Mac-and-Cheese-Style Cauliflower

Mac-and-Cheese-Style Cauliflower

Serves 8

Get all the creamy, cheesy goodness of mac and cheese—without the high starch content of macaroni. To make your own breadcrumbs, tear firm, fresh bread into pieces and whirl in a food processor or blender until crumbs form.
  • 1 large head cauliflower (1 ½ lb.), cut into medium florets (8 cups)
  • 2 Tbs. butter or margarine
  • 3 Tbs. all-purpose flour
  • 2 cups low-fat milk
  • 1 clove garlic, minced (1 tsp.)
  • 2 cups grated extra-sharp Cheddar cheese
  • ½ cup nutritional yeast
  • 1 pinch cayenne pepper
  • 2 egg yolks
  • 1 ½ cups fresh breadcrumbs

1. Preheat oven to 350°F. Bring large pot of salted water to a boil. Add cauliflower florets, and boil 5 to 7 minutes, or until just tender. Drain, reserving 1 cup cooking liquid, and set aside.

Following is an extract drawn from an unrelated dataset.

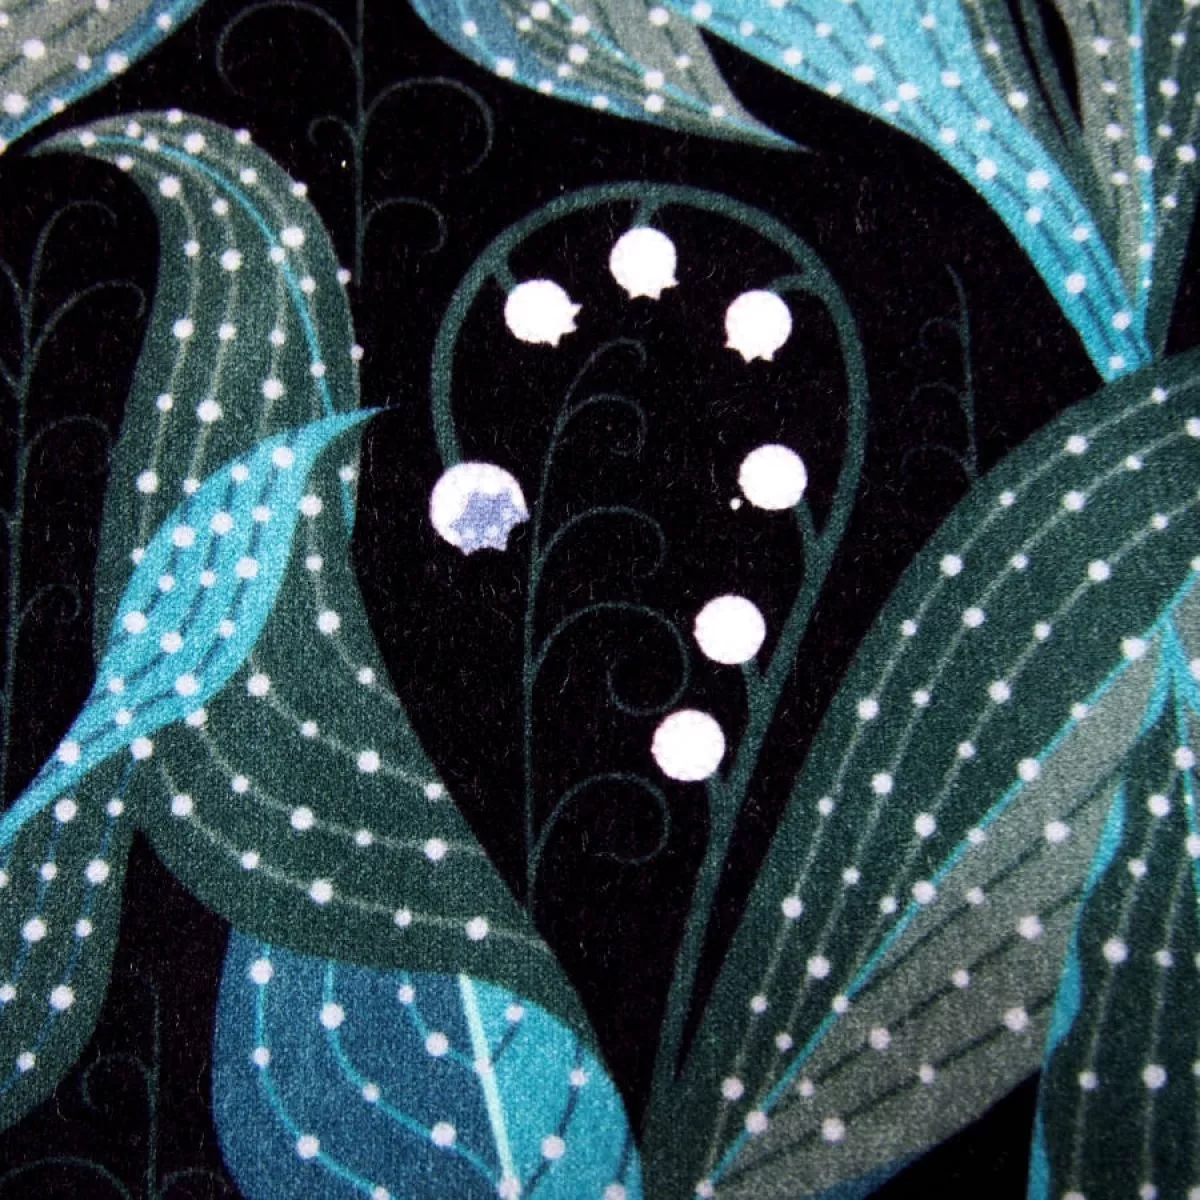 Sofakissen-Bezug "Lily of the Valley" (dunkel) aus Baumwollsamt (50 x 50 cm)

2. Melt butter in same pot over medium heat. Whisk in flour, and cook 1 minute, stirring constantly. Whisk in milk, garlic, and reserved cooking liquid, and cook 7 to 10 minutes, or until sauce is thickened, whisking constantly. Remove from heat, and stir in cheese, nutritional yeast, cayenne pepper, and egg yolks until cheese is melted. Fold in cauliflower.

3. Coat 13- x 9-inch baking dish with cooking spray. Spread cauliflower mixture in baking dish, and sprinkle with breadcrumbs. Spray breadcrumbs with cooking spray. Bake 30 minutes, or until casserole is hot and bubbly and breadcrumbs are crisp and brown.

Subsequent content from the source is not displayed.